Will a Governor’s Exit Really Hit the Indian Markets?

Published on 11 Aug, 2016

India Investment Research

When one of the world's best central bankers calls it quits, markets will wince, policies will change, and economic reforms will unravel.

Or will they?


At the helm since 2013, Reserve Bank of India Governor Raghuram Rajan has been a beacon of hope for Indian banking.

He’s kept a $1.7 trillion economy steady in a turbulent global economy.

He steered the mammoth economy true, slashing inflation by half.

He did that while keeping interest rates low — their lowest in over five years — spurring economic growth and consumer spending.

He put a successful plan in play to curb bad debt, restoring faith in the nation’s credit growth.

He ushered in a new age of banking, making services available to over two-thirds of a population that was otherwise cut off from mainstream banking.

He tackled the Rupee’s volatility head-on, reducing India’s foreign exchange deficit by $118bn.


He did it all in three years.


Through sustained policy focus and structural reforms, Rajan has completed some herculean tasks without faltering. With the worst behind him, a second tenure as Governor would be a milk run as compared to the past few.

 
And that’s precisely why his decision to drop out dropped jaws everywhere. 


Raghuram Rajan took the world by surprise when he announced that he wouldn’t serve a second term as Governor. Indian markets and the Rupee saw a knee-jerk reaction, but soon recovered.  With Rajan all set to bid adieu in September, many believe India has a tough road ahead. 

Opinion is divided on whether Rajan’s exit — popularly known as Rexit — could stall the momentum of India’s economic recuperation.  As investors fret about the possibility of resurging inflation and a volatile currency, there’s probably good reason for them to doubt the Indian economy’s ability to come out unscathed. 


Speculators are wary of a Foreign Institutional investor (FII) sell-off in debt markets. 


Foreign investors have poured USD40bn into the relatively stable Indian debt market, hoping for high yields. They were counting on  Rajan to stave off the Rupee’s depreciation. A Rexit could lead to falling interest and exchange rates, pushing foreign investors to pull out in the short term.

There’s also growing uncertainty over many unresolved issues such as injecting liquidity into distressed public sector banks, implementing a nation-wide Goods and Services Tax (GST) , as well as the land acquisition bill, that are damping investor sentiments. 

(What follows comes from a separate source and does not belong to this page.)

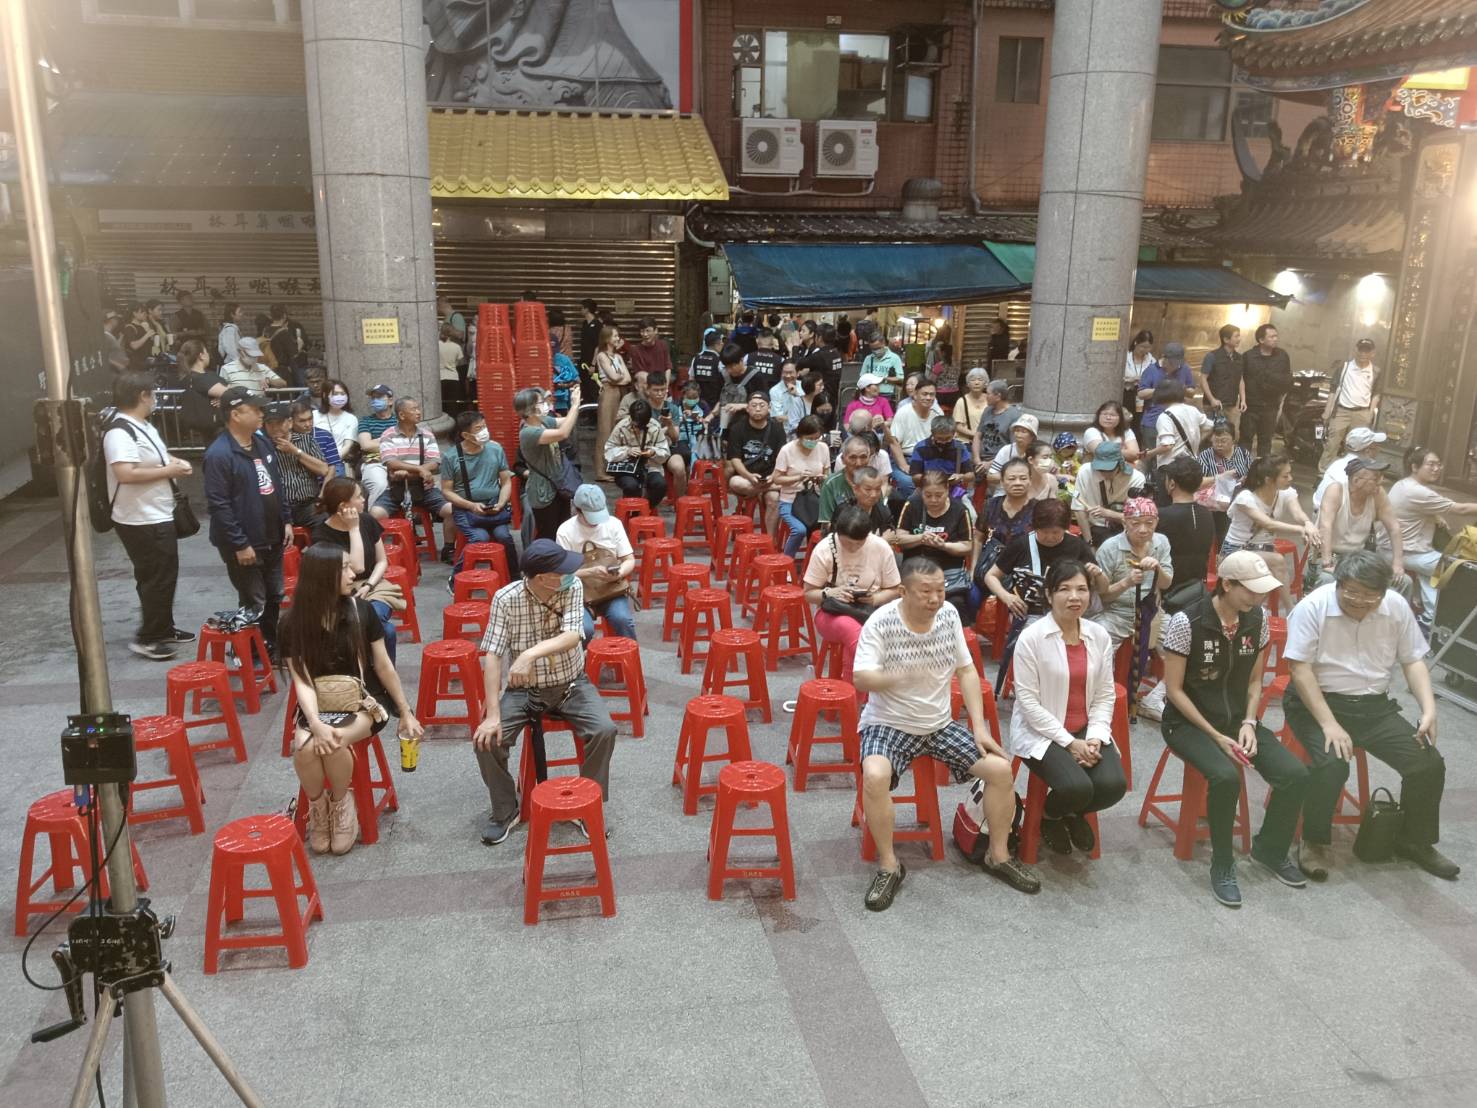 社团法人台湾经济民主连合等团体，今晚6点30分在基隆市庆安宫广场举办「反国会滥权，与林沛祥对话」活动，晚间6时10分左右现场聚集数十人等待开场。记者邱瑞杰／摄影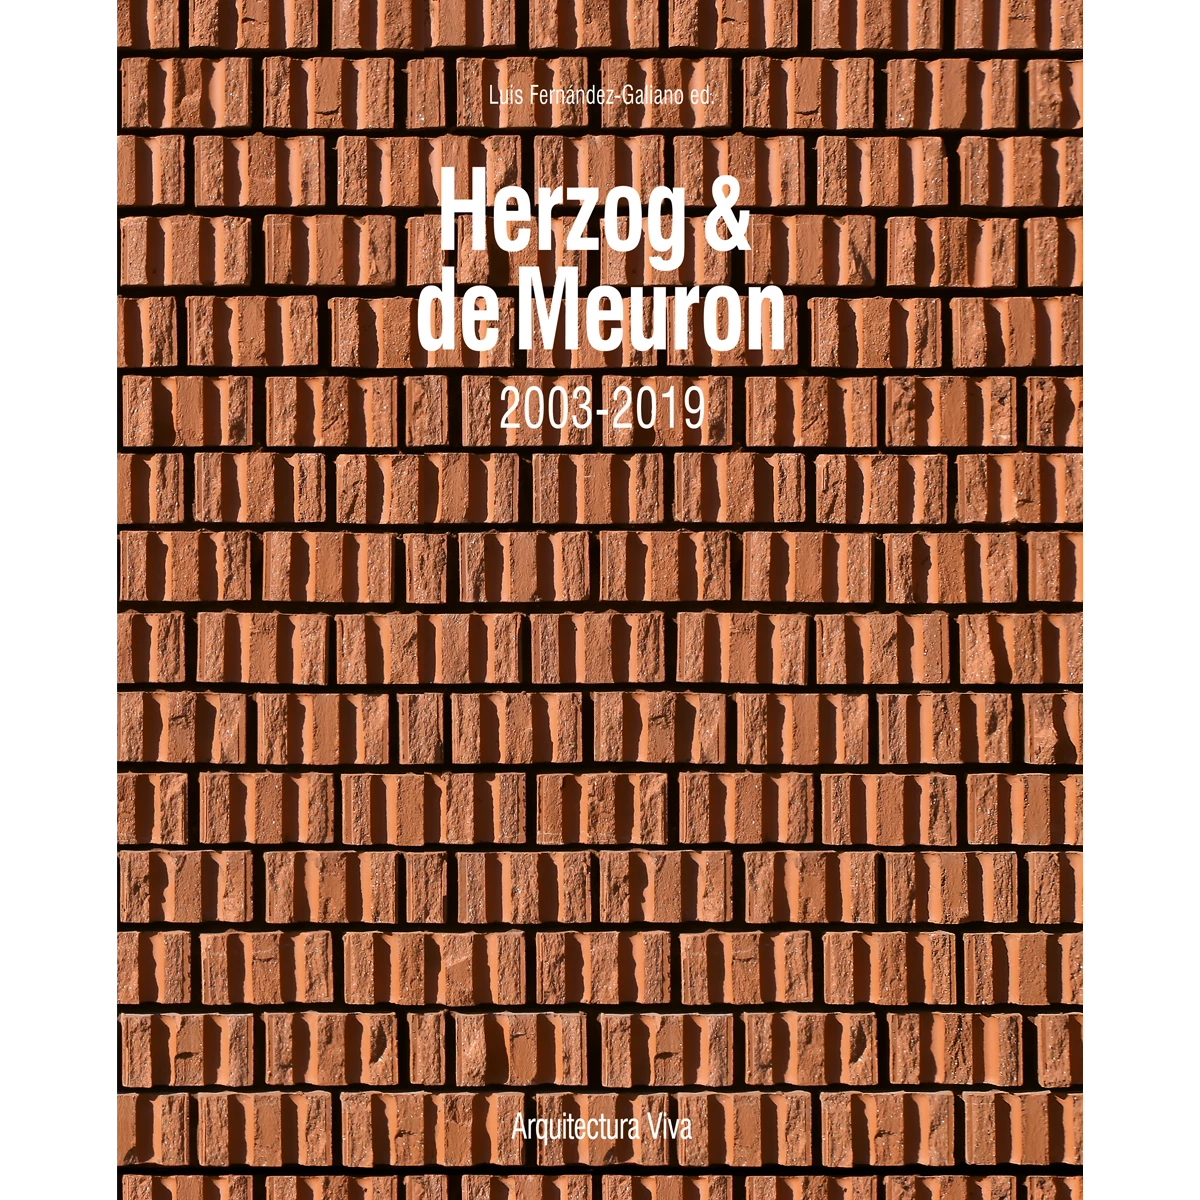 Herzog & de Meuron 2003-2019

The State Bank of India (SBI) believes India has nothing to fear from a Rexit however. 


They’re cautioning against taking drastic action based on speculative assumptions. It’s arguable that India has been grappling with inflation since ’83, well before Rajan’s time. In any case, the consumer price index (CPI) would not have any stable correlation with monetary policy instruments over short and medium terms, simply because it’s susceptible to supply-side tremors.


Some even believe Rajan has been given more credit than due. 


When Rajan took over, the Rupee was in a stable position due to a digression from quantitative easing and low interest rates as the economy improved. While India’s inflation seems to have been reined in during Rajan’s tenure, some attribute it to the massive decline in oil and commodity prices. Since 2013, oil prices have dropped to less than half of what they used to be.  The low current account deficit could be attributed to the fall in crude prices as well.  In this light, it wouldn’t be fair to say that inflation is under control only due to the RBI’s monetary policy and high interest rates.

Rajan’s move to cut interest rates in order to control inflation was also slower than the banking industry expected, adversely impacting the amount of India’s capital inflow. This particularly hit SMEs, who now have to pay higher interest rates (16-22%) than their larger corporate counterparts (9%).

While Rajan’s exit would cause some inevitable market fluctuations, they’re likely to be knee-jerk reactions that’ll diffuse in the long run. If the next Governor can strike the right chord on continuity versus change, shifting the markets’ focus toward improving macro fundamentals, such short-term volatility won’t amount to much. 


India’s economy seems to be doing well, bolstered by favorable reform as much as by the will of the Gods. Given its steady momentum and relative isolation from upheavals in global markets, it’s unlikely that a single factor, even one as significant as the Rexit, would significantly sway the Indian markets.